Sofia,
impaciente, perambulava pela casa enquanto o técnico instalava o seu novo olho
mágico. O olho mágico anterior, não era tão avançado quanto este, lhe
permitindo ver somente até a porta em frente, onde vivia Jonas, um aborrecido
viúvo, pensava Sofia.
Uns
dias antes, Sofia havia escutado as vizinhas conversando no corredor. Elas comentavam
sobre uma formosura de mulher que havia se mudado para o 3º D. Sofia se deu
conta imediatamente que se tratava do apartamento ao lado do seu, e reparou no
tom empolgante com que as vizinhas haviam dito “formosura”. Sofia completava 50 anos e já fazia uns 20
anos que raramente saia de casa, tudo por conta de uma fobia que desenvolvera,
ela tinha pavor de deixar seu apartamento, temia tudo, era como se o mundo lá
fora lhes fosse letal, só se sentia protegida dentro de casa. Se não saía de
casa, tampouco falava com alguém, com exceção de Valdemar, seu santo marido.

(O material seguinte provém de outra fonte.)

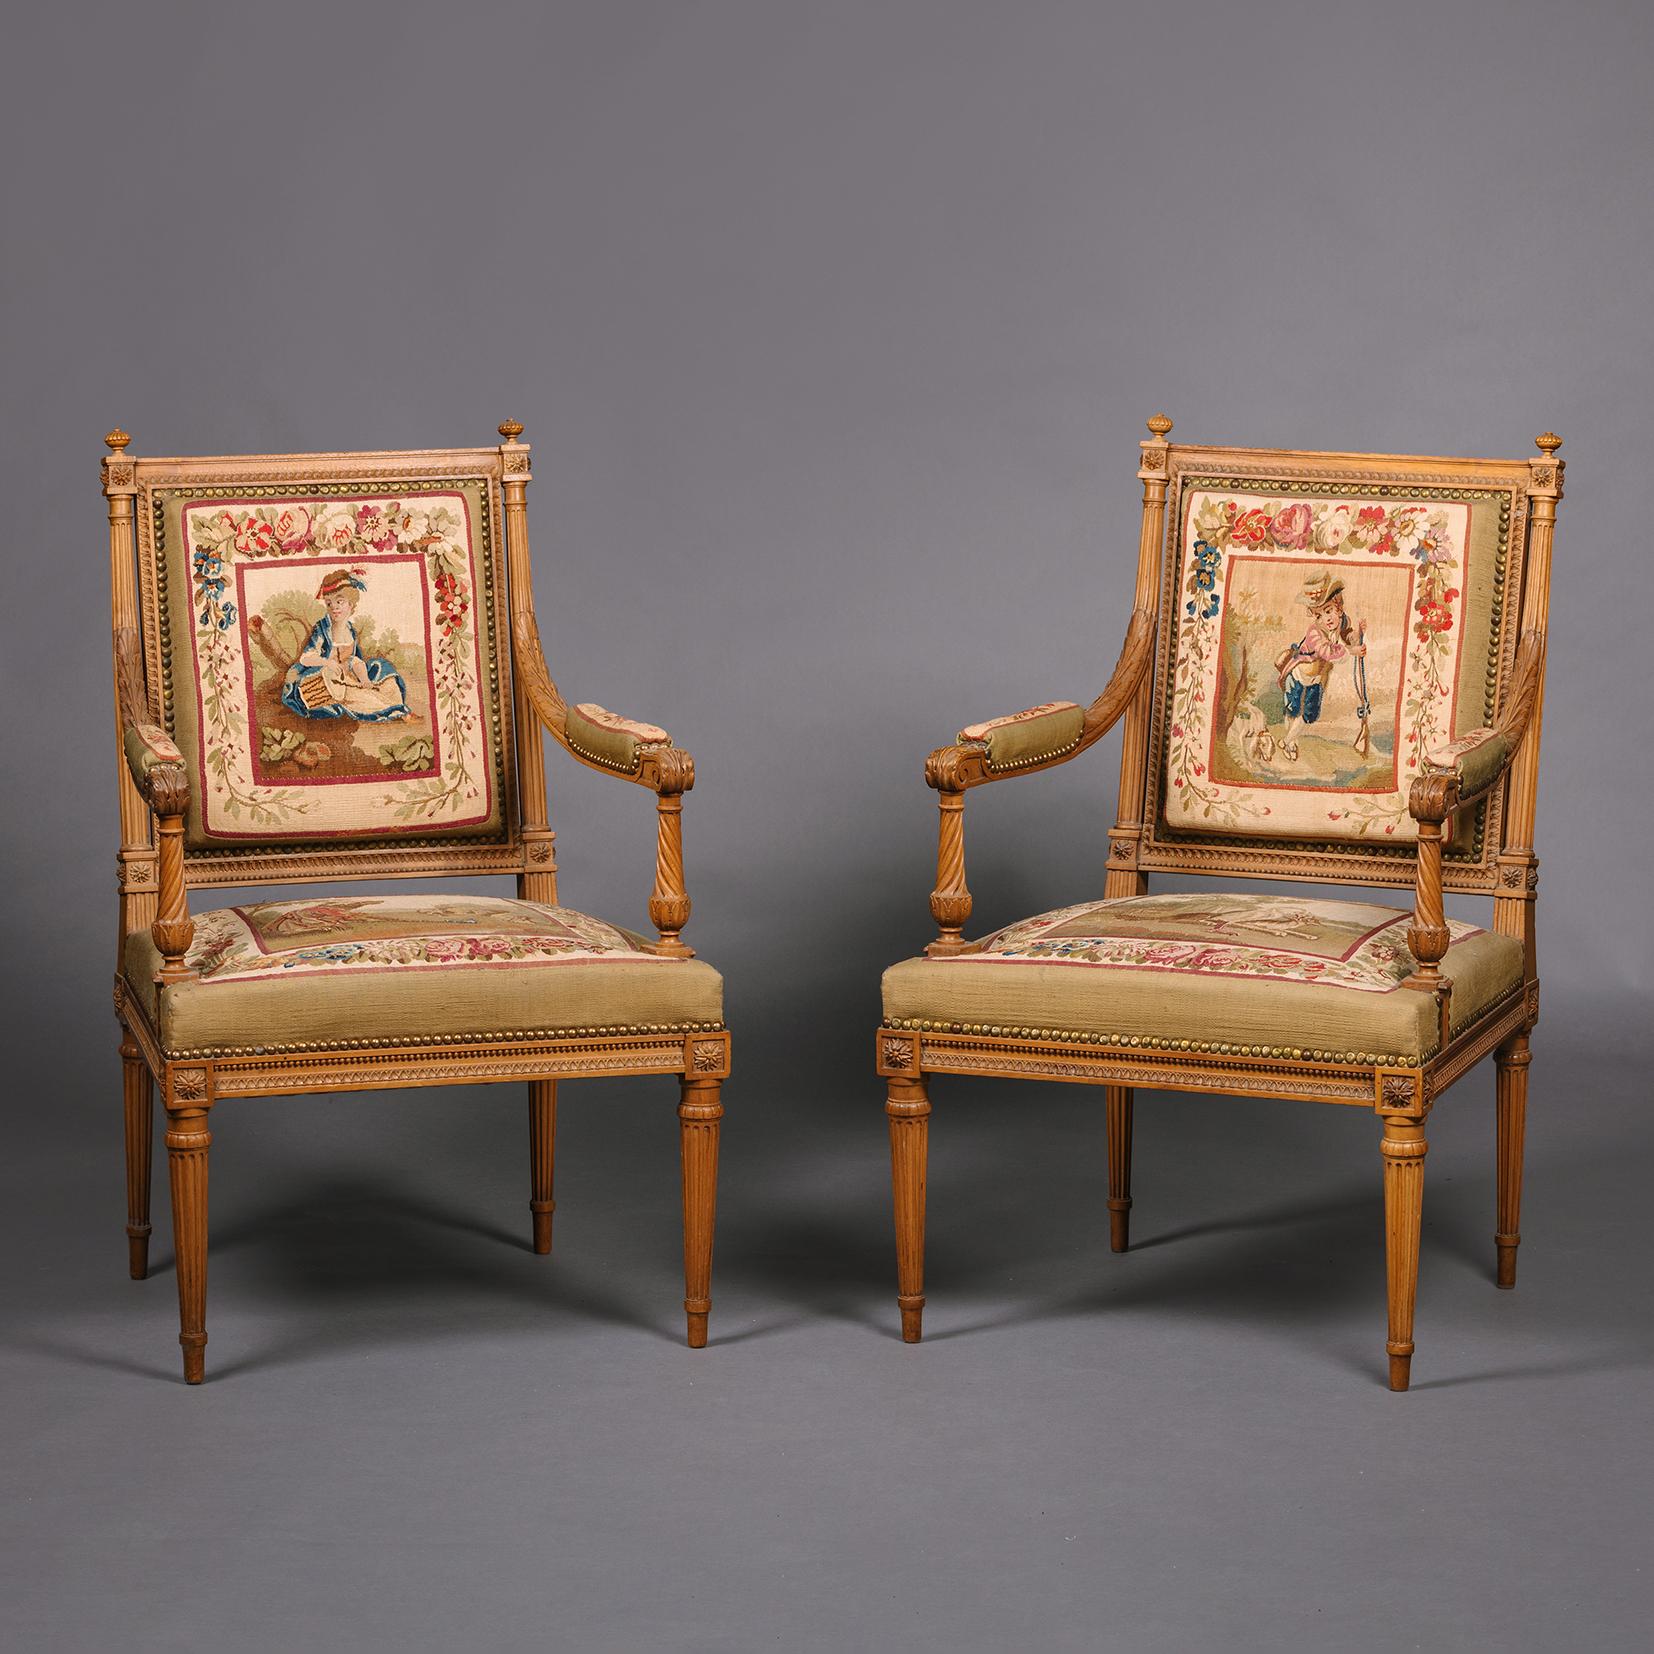 Salon de style Louis XVI en bois de hêtre et tapisserie d'Aubusson, composé de cinq pièces.

Comprenant un canapé et quatre fauteuils, les cadres en bois de hêtre finement sculptés de perles, de pétales stylisés et de feuilles d'acanthe, sur des

Homem único, ele era a bondade em pessoa, católico ortodoxo e suportava as
fobias e as manas de Sofia sem nunca ter reclamado, sempre firme, meigo e
carinhoso, muito carinhoso. Valdemar não era dado a vícios, era um trabalhador
incansável e fiel como nenhum outro no mundo. Sofia sentia que tivera muita
sorte de encontrar um homem assim. Mais do que amor, Sofia tinha uma verdadeira
devoção por Valdemar.
___Senhora,
já está pronto! __gritou o técnico.
Sofia se aproximou emocionada,
ansiosa, definitivamente o olho mágico era sua única janela para o mundo.
___E
você me garante que com esse olho mágico eu poderei ver todo o corredor?
___Sem
dúvida, olhe e comprove a senhora mesma.
Com o coração acelerado aproximou-se,
levantou-se um pouco, porque era de baixa estatura, e colocou seu olho naquele
instrumento tão moderno.
___Maravilha!
__exclamou.
___Eu
lhe disse, é um pouco caro porque é importado dos Estados Unidos, mas é de uma
visibilidade total. Bom, já vou indo. Se a senhora tiver algum problema é só me
avisar. Até logo.
Sofia se despediu do técnico e foi
rapidamente para trás da porta, estava feliz e desejosa de saber o que acontecia
no 3º D.
Durante vários dias não viu nada.
Ninguém entrava nem saía. Certa manhã, sem esperar, conseguiu ver uma garota. Mas...
formosura? Onde estava esta formosura toda, como haviam dito as suas
vizinhas... Era uma mulata, mas sem essa pompa toda que haviam dito. Altíssima,
cabelos encaracolados. Vestia um short curto, curtíssimos, deixando amostra um
interminável par de pernas cor de chocolate com leite e na parte de cima uma
camiseta amarrada, deixando a mostra sua barriga carente de gordura e
estrangulando seus grandes peitos. Sofia se retirou do olho mágico assustada,
confusa com aquela visão. A mulher não tinha formosura... Estava mais pra uma
piranhinha de quinta categoria, pelo menos foi isso que ela pensou. Purificou-se
muitas vezes e rezou com devoção, o demônio havia se instalado no seu prédio.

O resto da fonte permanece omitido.